Suggestions

What are suggestions for?

The suggestion system is a way for the student to know what should be worked on next. It gives the student a hint about what course or what item could be exercised next. But it is only a hint or a nudge for the students. It does not determine what he can or can not do. For example, if a student has 2 courses where he should repeat the flashcard, the suggestion system should nudge the student to do the flashcards that he neglected the longest.

How do they work?

We differentiate between the suggestions inside a course and the suggestions between courses.

In-course suggestions

A content can be a suggested content, if

  • the chapter is unlocked for the user

  • the content is unlocked for the user, i.e. he completed the required predecessors of the learning path aka section

We will suggest the contents that or overdue the longest, either for repetition or for learning the first time. In case of multiple contents being overdue for the same amount of days,

  • new contents will be favored over contents to repeat

  • contents rewarding more reward points will be favored

It will also be possible to filter for suggestions that match a certain skill type, resulting in the following query:

extent type Course {
  suggestedContents(limit: Int!, skillTypes: [SkillType!]! = [REMEMBER, UNDERSTAND, APPLY, ANALYSE]): [Suggestion!]!
}

type Suggestion {
  content: Content!
  type: SuggestionType!
}

enum SuggestionType {
  NEW_CONTENT
  REPETITION
}

In the future, suggestions might also be dependent on the recent content that was done, to suggest related content.

Implementation note

As chapters are handled in the course service, the Gateway has to resolve all currently active chapter IDs of a course first and the content service has to accept chapter IDs as a parameter.

Homepage suggestions

The second system is a little more complicated. We have to figure out which course needs the attention the most. Some factors that impact the suggestion score might be:

  • the health score of the course

  • the fitness score of the course

  • the reward points that can be gained by completing a suggested item

  • the skill points achieved by completing the task

If the score should be the same for 2 or more items, a distinction by preference might be implemented. For example, if a student has the same work to do for 2 courses and the scores between both scores for these courses are the same, then the course that has been marked as favored is suggested first.

Possible implementation

rewardScore * replenishingEffect

Homepage suggestions

One way to implement the suggestions between courses would be to rank the 4 factors mentioned above in a desired order and compare the values for each item in question. An example with the ranking health > fitness > reward points > skill points would be, the media with the biggest media time score would be suggested to the user. But this system would be too simplistic. Why should we rank health higher than fitness or reward points higher than skill points? This is too arbitrary and if each lecturer can configure the order themselves and the amount of reward or skill points, it would defeat the purpose of suggestions because they could rig the system to their favor. This means it would be ideal to have a score that could be computed using the 4 (or possibly more) factors to make it more comparable.

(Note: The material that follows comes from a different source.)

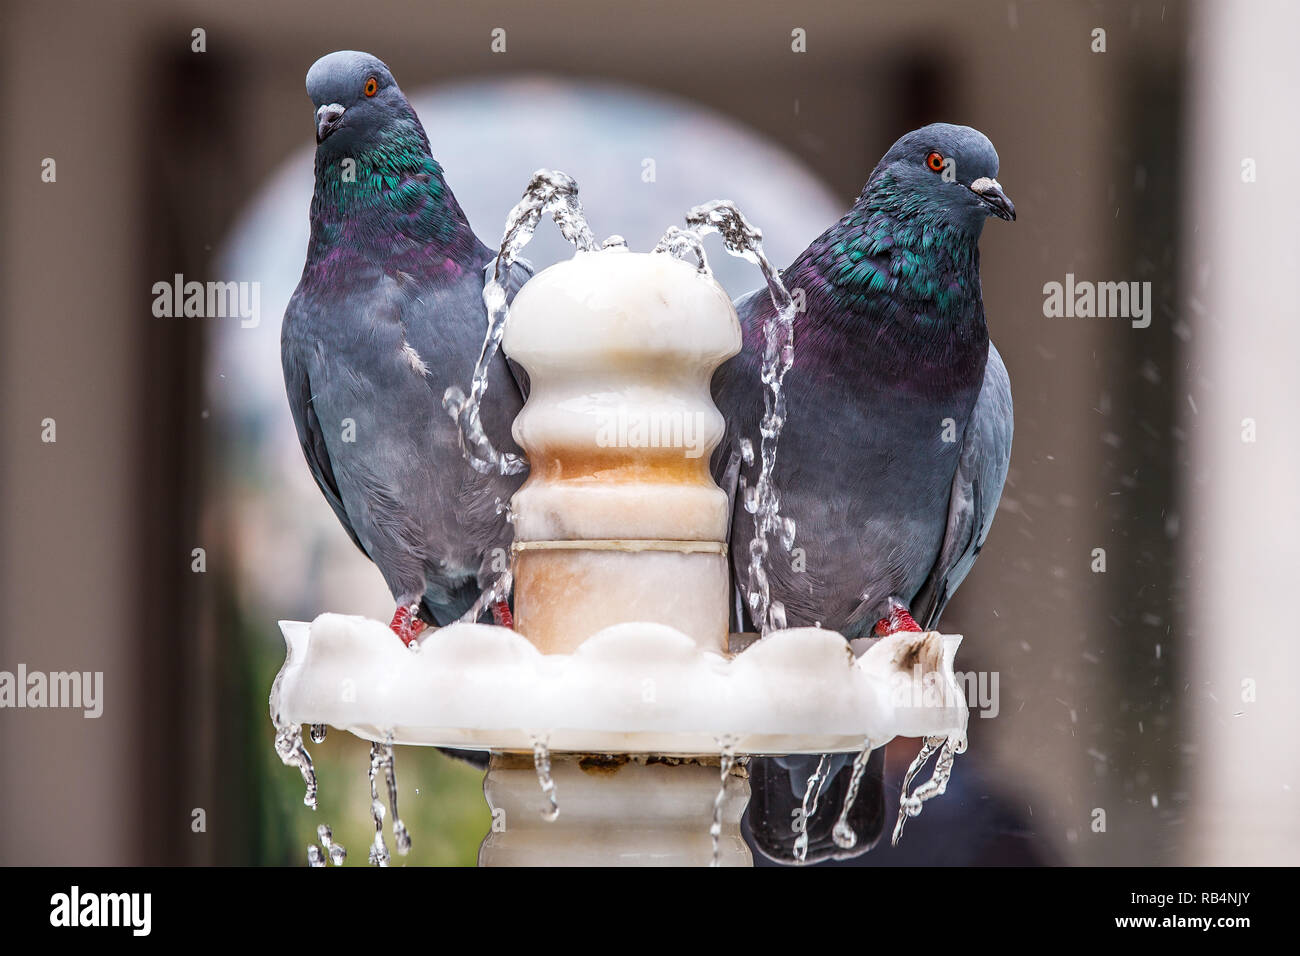 Two colorful pigeon, on fountain Stock Photo

A possible formula would be: Outcome = (0.3 * (100 - health)) + (0.3 * (100 - fitness)) + (0.2 * (reward points{max} / sum(reward points)) * 100) + (0.2 * (skill points{max} / sum(skill points))*100)

Skill points are being calculated considering the maximum amount that can be earned. For example, if you have 2 courses:

  • course A: health = 60, fitness = 70, reward points = [100, 1000], skill points = [25, 17]

  • course B: health = 65, fitness = 85, reward points = [10000, 5000], skill points = [15] Then we have a suggestion score of 51,086 for course A and 48,33 for course B, so the system would suggest the user should work on course A first. This implementation proposal would give health and fitness the same weight and both have a higher weight than reward or skill points. It should be noted, that the weights may be adjusted.

Possible extensions for the future

Another level of suggestions, that might be interesting, is related to the “contentDependencies”. This means that each content has “related” content, that might be suggested after you fail a content.